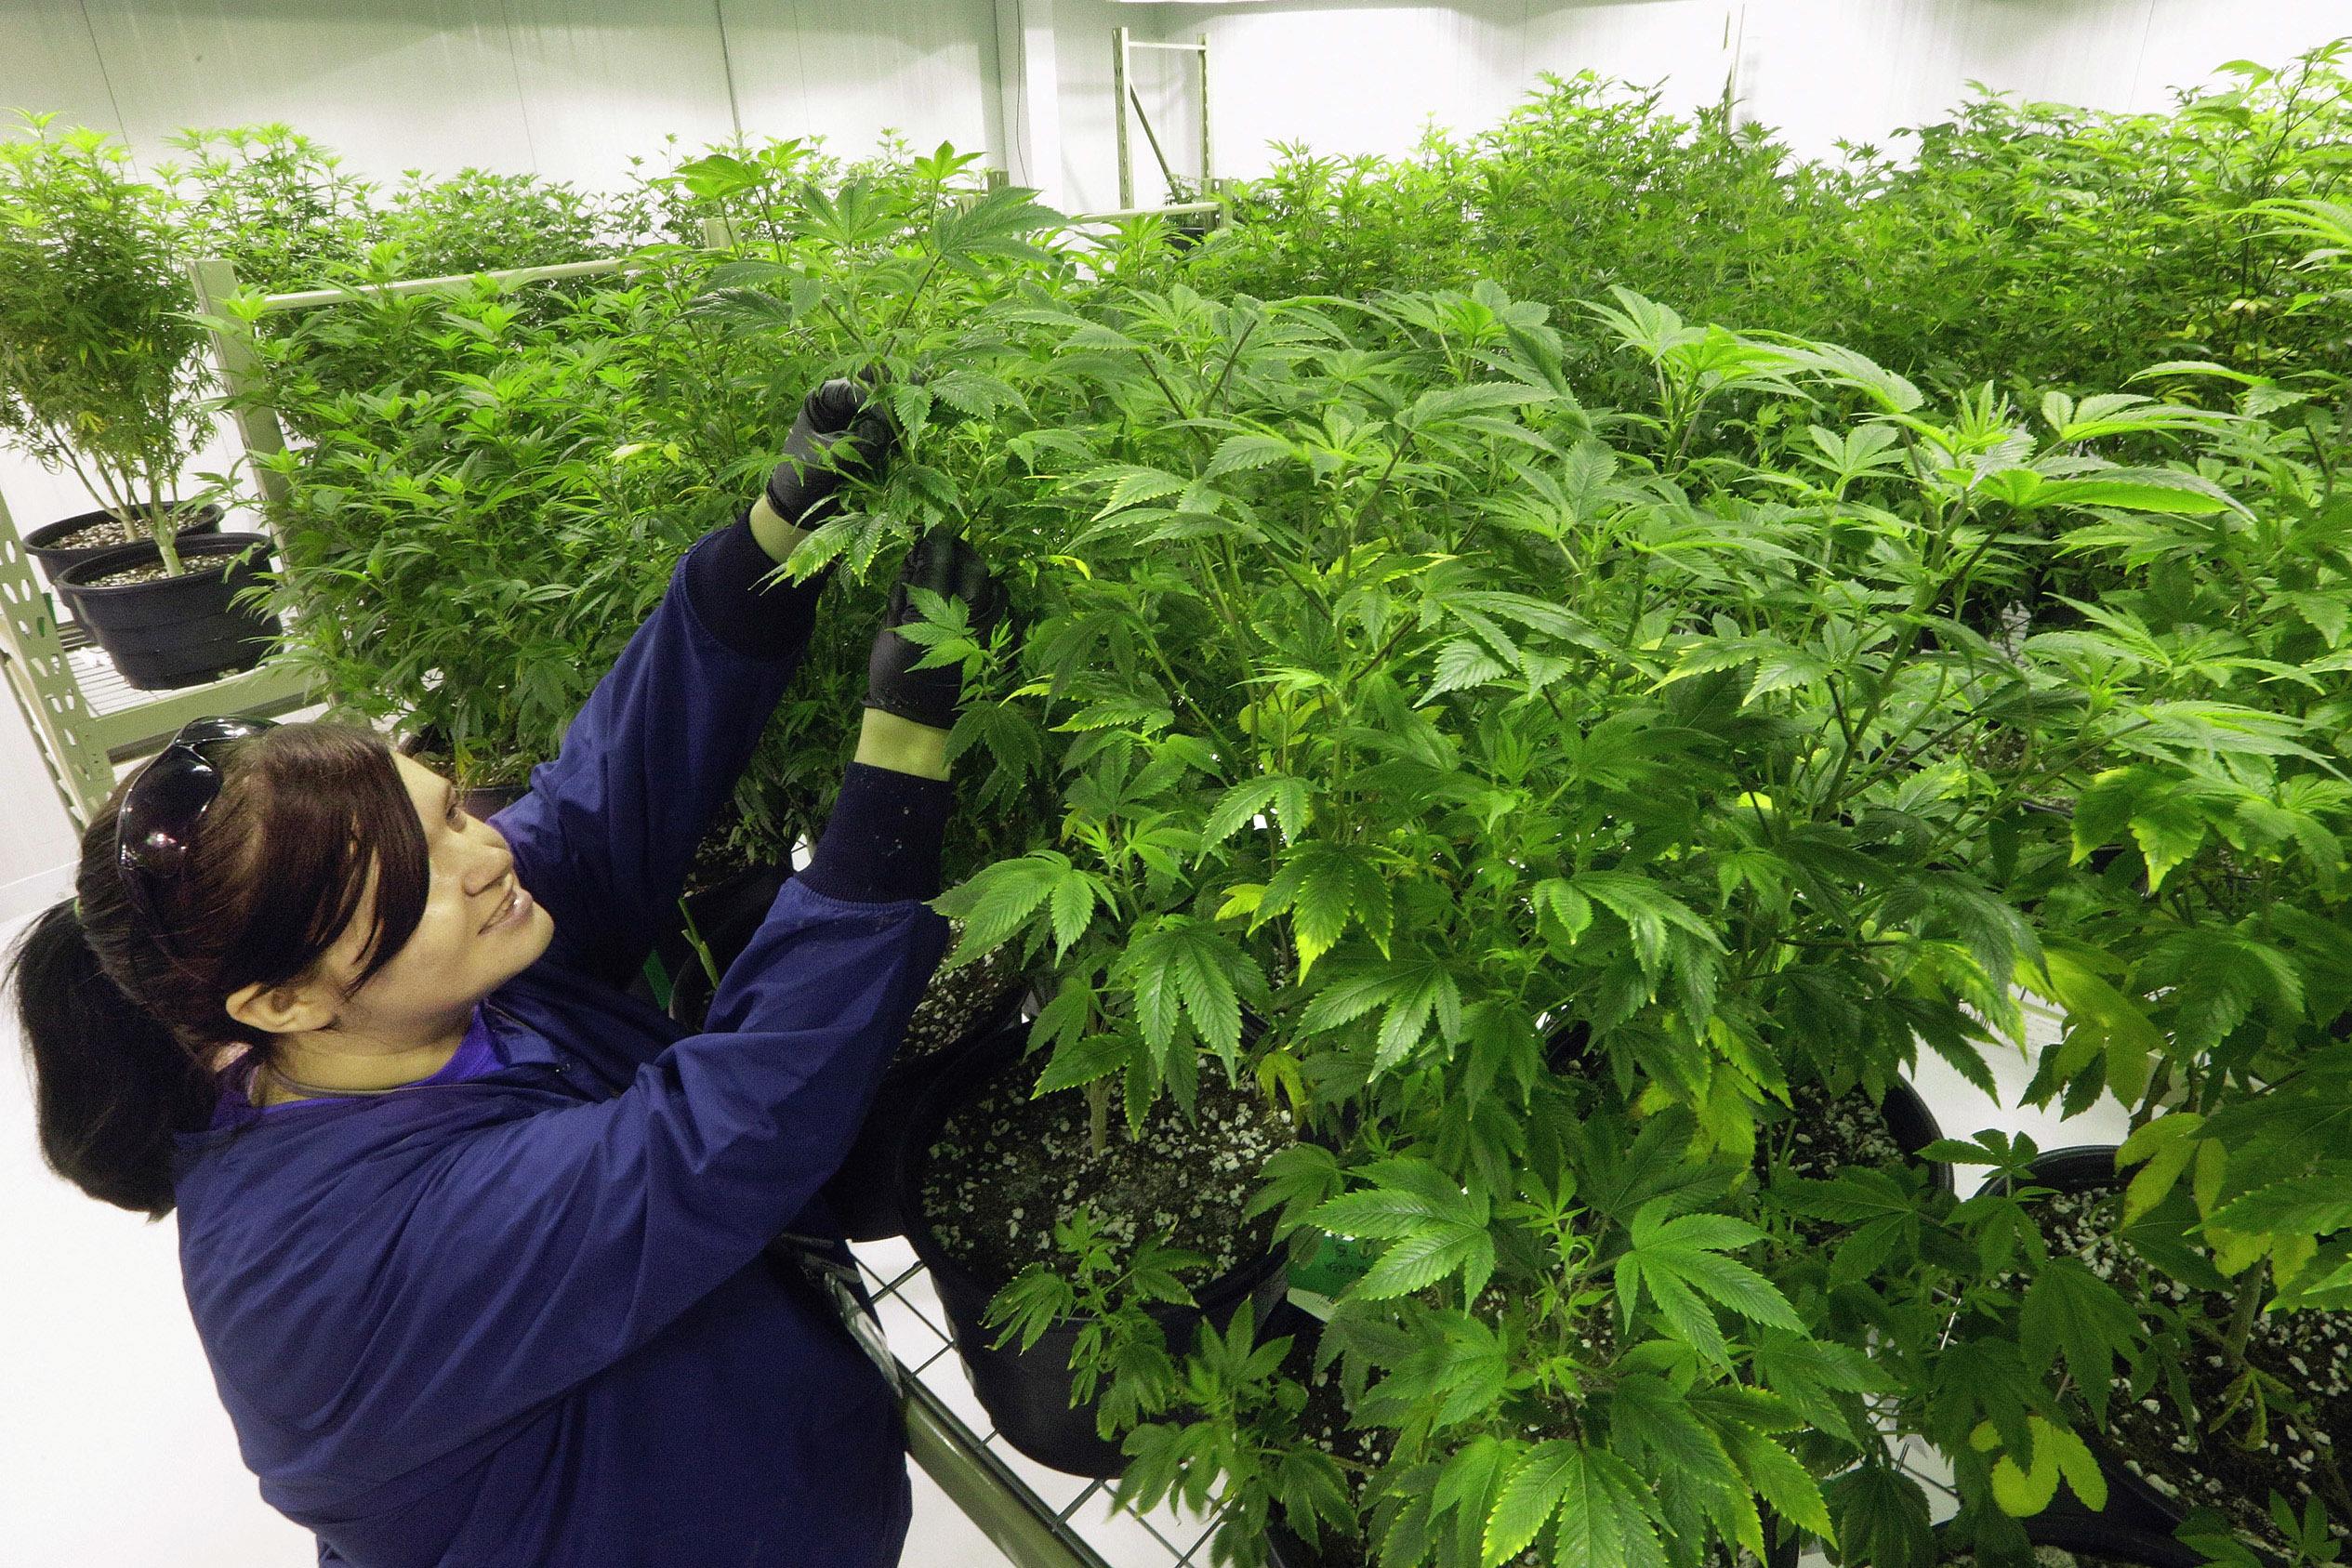 Разбавить коноплю можно чем марихуане свободу
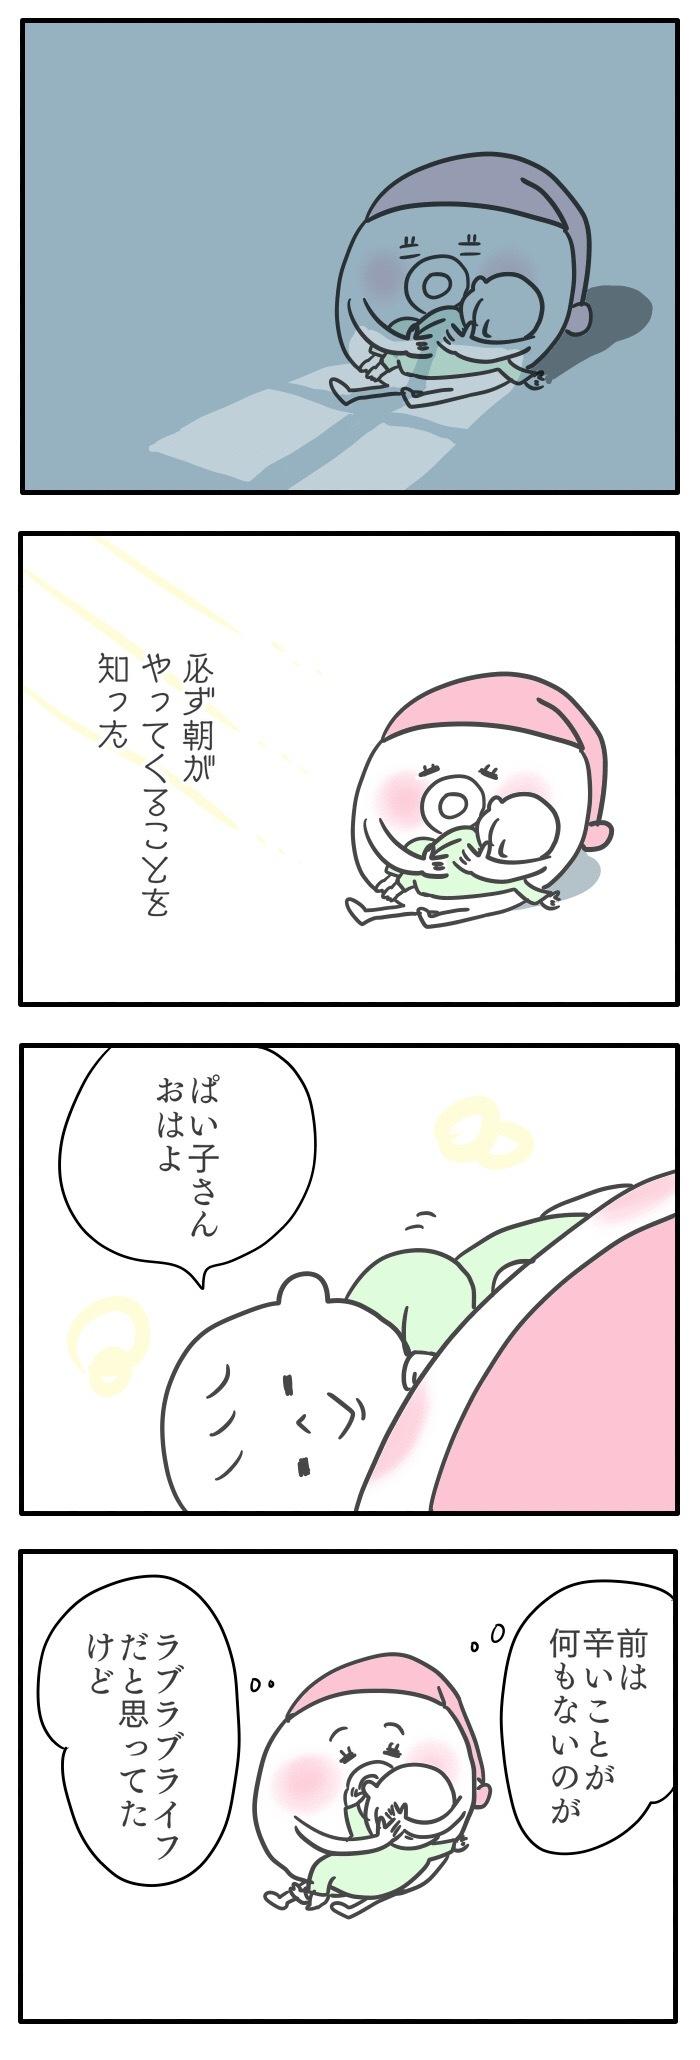 ぼうやが「りにゅうしょく」を食べた日/おっぱいとぼく2【11話】の画像2
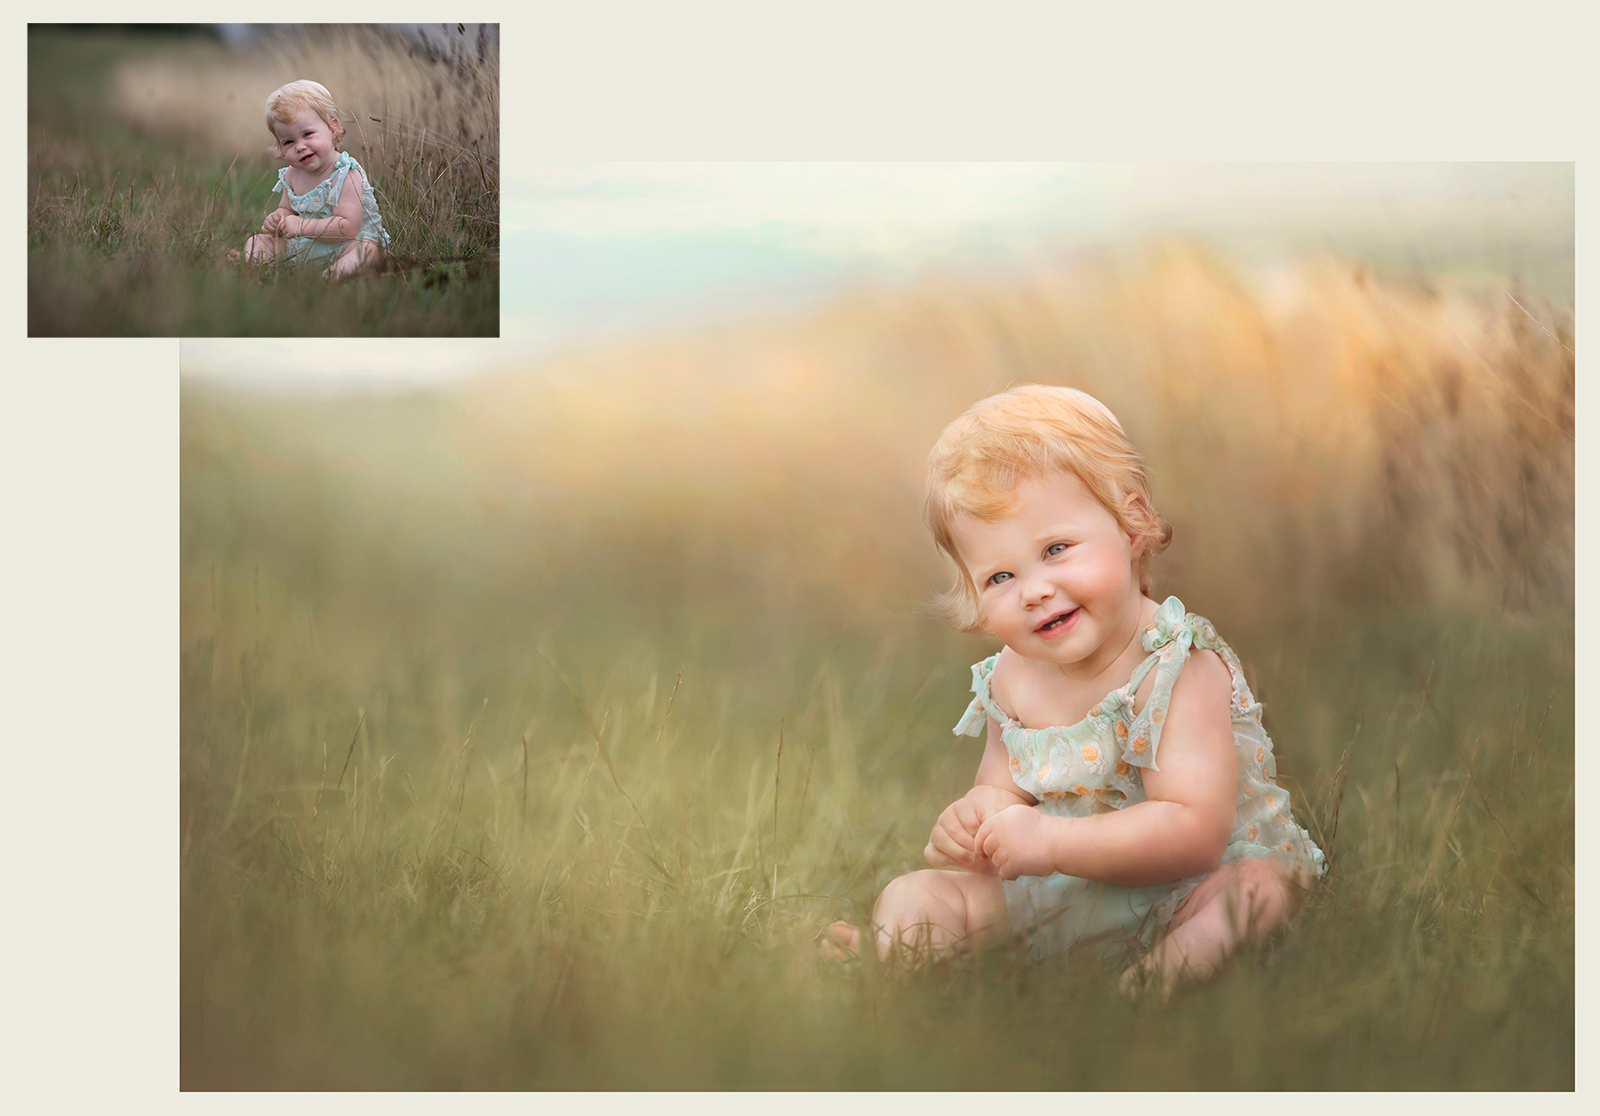 Die rohe Datei, die in der Kamera entsteht wird durch aufwändige Bildbearbeitung in ein Kunstwerk verwandelt.
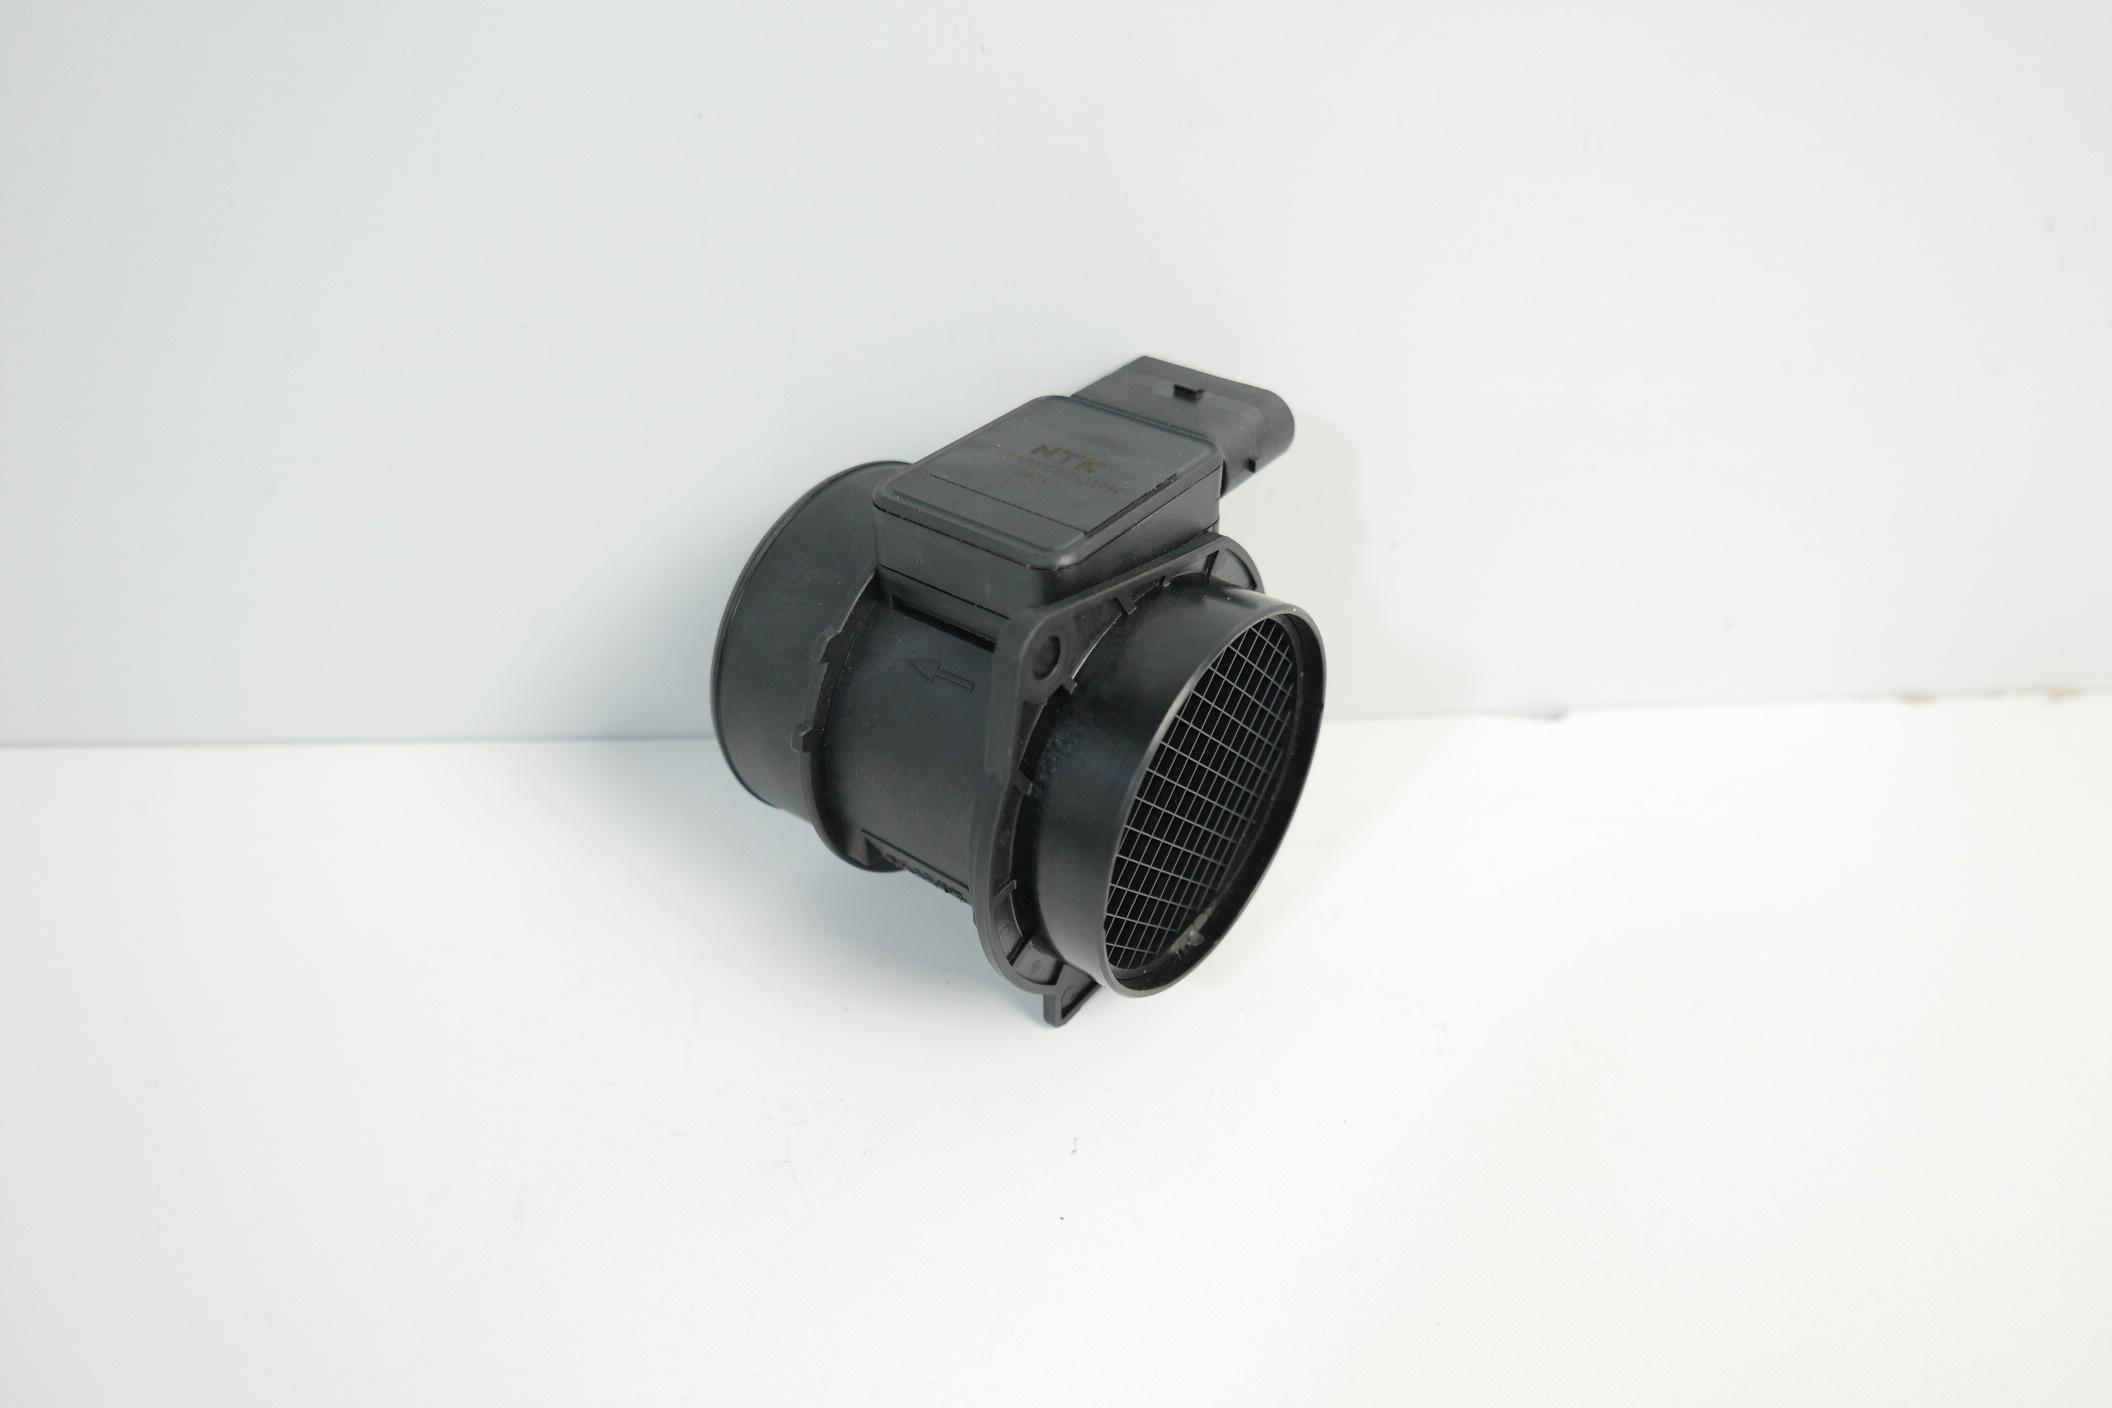 ngk расходомер mercedes clk c208 w203 w210 r17

__PROBLEM__
I would like you to set down the lines above, from the one containing "ぼうやが「りにゅうしょく」を食べた日/おっぱいとぼく2【11話】の画像2" to the final line, exactly as written and without pictures.

__WRITTEN REPLY__
 ぼうやが「りにゅうしょく」を食べた日/おっぱいとぼく2【11話】の画像2
 Die rohe Datei, die in der Kamera entsteht wird durch aufwändige Bildbearbeitung in ein Kunstwerk verwandelt.
 ngk расходомер mercedes clk c208 w203 w210 r17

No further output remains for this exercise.